在网络参数方面,使用了 64 个单元的维度,6 个 Transformer 块的深度,8 个 Transformer 头,MLP 使用 128 维度。
'''
model = ViT(image_size=28, patch_size=7, num_classes=10, channels=1, # 模型
            dim=64, depth=6, heads=8, mlp_dim=128)
optimizer = optim.Adam(model.parameters(), lr=0.003) # 优化器

start_time = time.time() # 记录时间
train_loss_history, test_loss_history = [], [] # 精度记录
for epoch in range(1, N_EPOCHS + 1):
    temp_time=time.time()
    print_info(f'Epoch: {epoch}\n',OUTPUT_PATH)
        
    train_epoch(model, optimizer, train_loader, train_loss_history) # 训练一epoch
    evaluate(model, test_loader, test_loss_history) # 评估
    
    print_info(f'spend {(time.time()-temp_time)/60} min\n',OUTPUT_PATH)

print_info('Execution time:'+ '{:5.2f}'.format((time.time() - start_time)/60) + ' min \n',OUTPUT_PATH)

参数测试

为了找到最佳的参数,我做了一些参数测试,并且分析了其中原因。具体已经写在了报告里,这里仅给出带绘图的测试代码框架。要修改测试的参数,只需要少做改动即可。

函数部分

import torch
import torchvision
from torch import nn
import time
import torch
import torch.nn.functional as F
from torch import optim
from torch import nn
from einops import rearrange
import matplotlib.pyplot as plt

# 定义参数
DOWNLOAD_PATH = 'data'
OUTPUT_PATH='output/参数测试.txt'
SAVEFIG_PATH='output/'
BATCH_SIZE_TRAIN = 100
BATCH_SIZE_TEST = 1000
N_EPOCHS = 5


# 打印结果以及输出到文件中
def print_info(string,file):
    print(string)
    with open(file,'a') as f:
        f.write(string+'\n')

#残差模块,放在每个前馈网络和注意力之后
class Residual(nn.Module): # 通过连接层或者补充,保证fn输出和x是同维度的
    def __init__(self, fn): # 带function参数的Module,都是嵌套的Module
        super().__init__()
        self.fn = fn

    def forward(self, x, **kwargs):
        return self.fn(x, **kwargs) + x 

#layernorm归一化,放在多头注意力层和激活函数层。用绝对位置编码的BERT,layernorm用来自身通道归一化
class PreNorm(nn.Module): # 先归一化,再用function作用。
    def __init__(self, dim, fn):
        super().__init__()
        self.norm = nn.LayerNorm(dim) # 三维的用dim,四维用[C,H,W]
        self.fn = fn

    def forward(self, x, **kwargs):
        return self.fn(self.norm(x), **kwargs)
#放置多头注意力后,因为在于多头注意力使用的矩阵乘法为线性变换,后面跟上由全连 接网络构成的FeedForward增加非线性结构
class FeedForward(nn.Module): # 非线性前馈,保持dim维不变
    def __init__(self, dim, hidden_dim):
        super().__init__()
        self.net = nn.Sequential(
            nn.Linear(dim, hidden_dim),
            nn.GELU(),
            nn.Linear(hidden_dim, dim)
        )

    def forward(self, x):
        return self.net(x)
#多头注意力层,多个自注意力连起来。使用qkv计算
class Attention(nn.Module):
    def __init__(self, dim, heads=8):
        super().__init__()
        self.heads = heads
        self.scale = dim ** -0.5

        self.to_qkv = nn.Linear(dim, dim * 3, bias=False)
        self.to_out = nn.Linear(dim, dim)

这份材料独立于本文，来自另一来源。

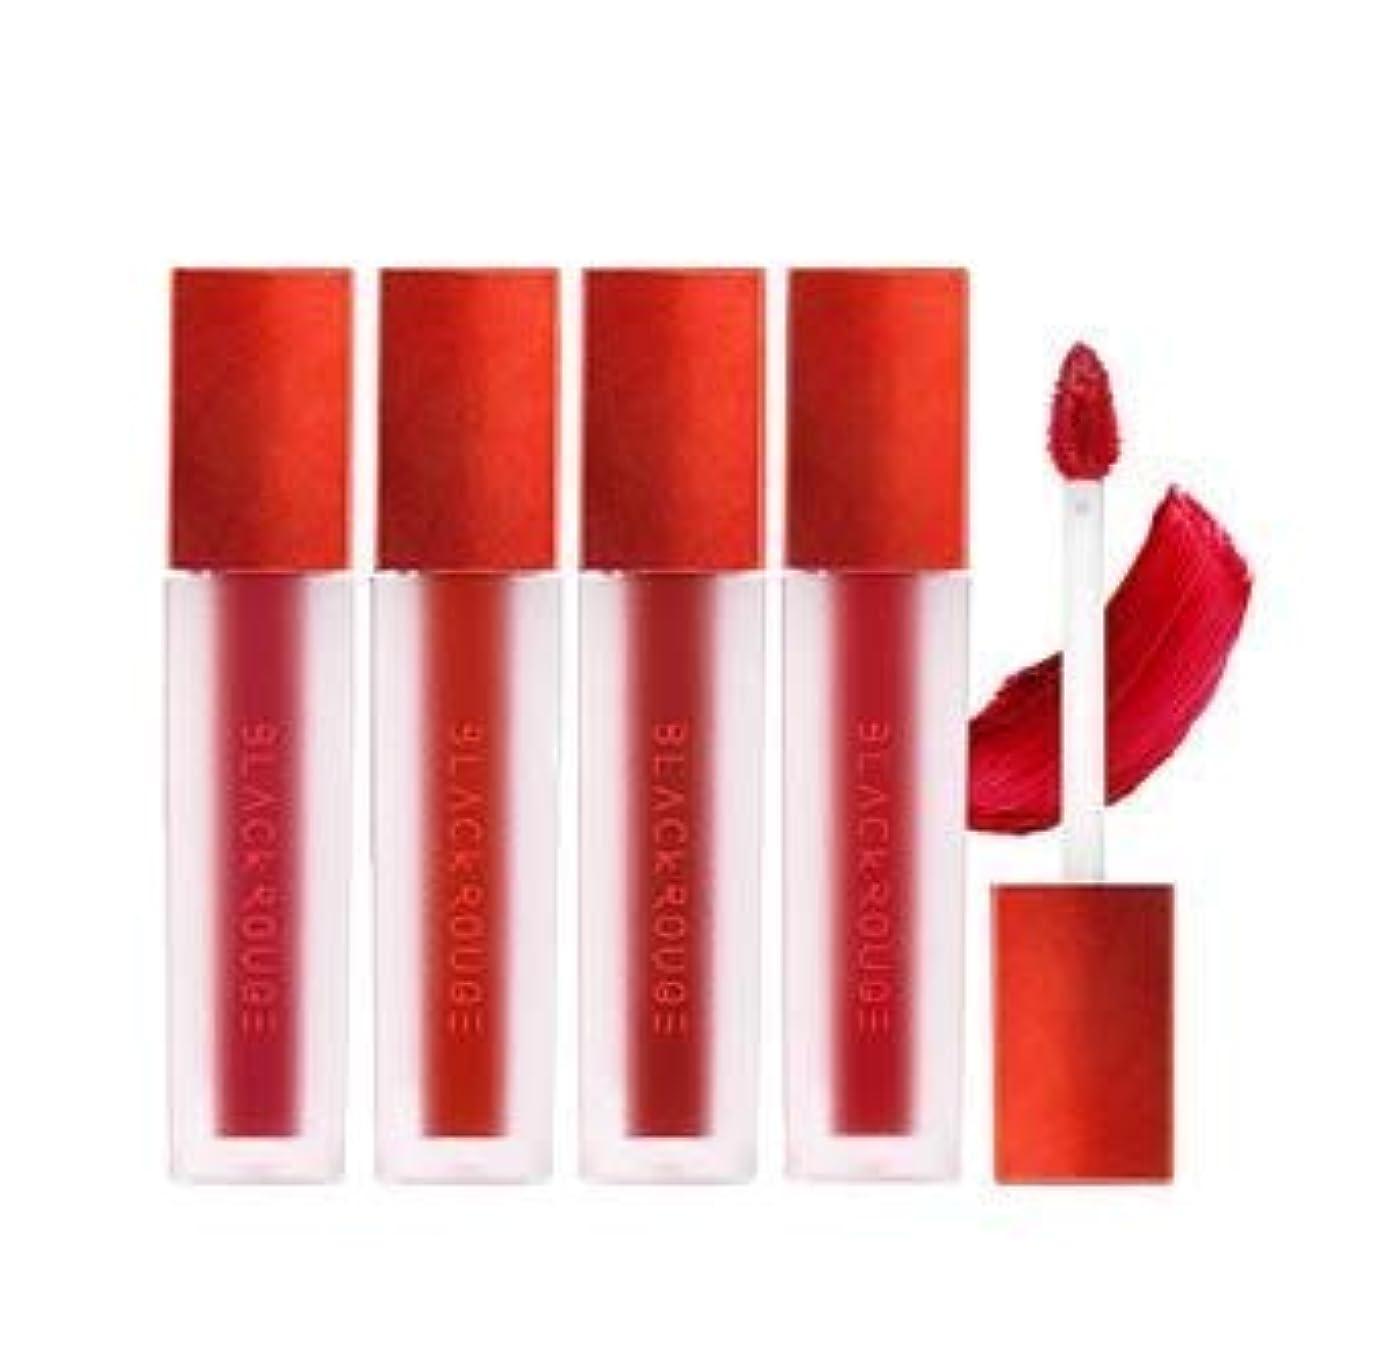 以降拘束するラインナップBlack Rouge Air Fit Velvet Tint (#A06 Chili) ブラックルージュ エア フィット ベルベット ティント [並行輸入品]

    def forward(self, x, mask = None):
        b, n, _, h = *x.shape, self.heads
        qkv = self.to_qkv(x)
        q, k, v = rearrange(qkv, 'b n (qkv h d) -> qkv b h n d', qkv=3, h=h)

        dots = torch.einsum('bhid,bhjd->bhij', q, k) * self.scale

        if mask is not None:
            mask = F.pad(mask.flatten(1), (1, 0), value = True)
            assert mask.shape[-1] == dots.shape[-1], 'mask has incorrect dimensions'
            mask = mask[:, None, :] * mask[:, :, None]
            dots.masked_fill_(~mask, float('-inf'))
            del mask

        attn = dots.softmax(dim=-1)

        out = torch.einsum('bhij,bhjd->bhid', attn, v)
        out = rearrange(out, 'b h n d -> b n (h d)')
        out =  self.to_out(out)
        return out

class Transformer(nn.Module):
    def __init__(self, dim, depth, heads, mlp_dim):
        super().__init__()
        self.layers = nn.ModuleList([]) # ModuleList套ModuleList
        for _ in range(depth): # 叠加Attention块
            self.layers.append(nn.ModuleList([
                Residual(PreNorm(dim, Attention(dim, heads = heads))),
                Residual(PreNorm(dim, FeedForward(dim, mlp_dim)))
            ]))

    def forward(self, x, mask=None):
        for attn, ff in self.layers:
            x = attn(x, mask=mask)
            x = ff(x)
        return x
#将图像切割成一个个图像块,组成序列化的数据输入Transformer执行图像分类任务。
class ViT(nn.Module):
    def __init__(self, *, image_size, patch_size, num_classes, dim, depth, heads, mlp_dim, channels=3):
        super().__init__()
        assert image_size % patch_size == 0, '报错:图像没有被patch_size完美分割'
        num_patches = (image_size // patch_size) ** 2
        patch_dim = channels * patch_size ** 2 # (P**2 C):一个patch展平为向量后实际的长度

        self.patch_size = patch_size
        # 维度看起来比较奇怪,dim,num_patches+1就可以解决问题
        # 还要加个1维度,还要把别的反过来,是为了适应b(batch)维度,进行广播
        self.pos_embedding = nn.Parameter(torch.randn(1, num_patches + 1, dim)) # +1是为了适应cls_token
        self.patch_to_embedding = nn.Linear(patch_dim, dim) # 将patch_dim(原图)经过embedding后得到dim维的嵌入向量
        self.cls_token = nn.Parameter(torch.randn(1, 1, dim))
        self.transformer = Transformer(dim, depth, heads, mlp_dim)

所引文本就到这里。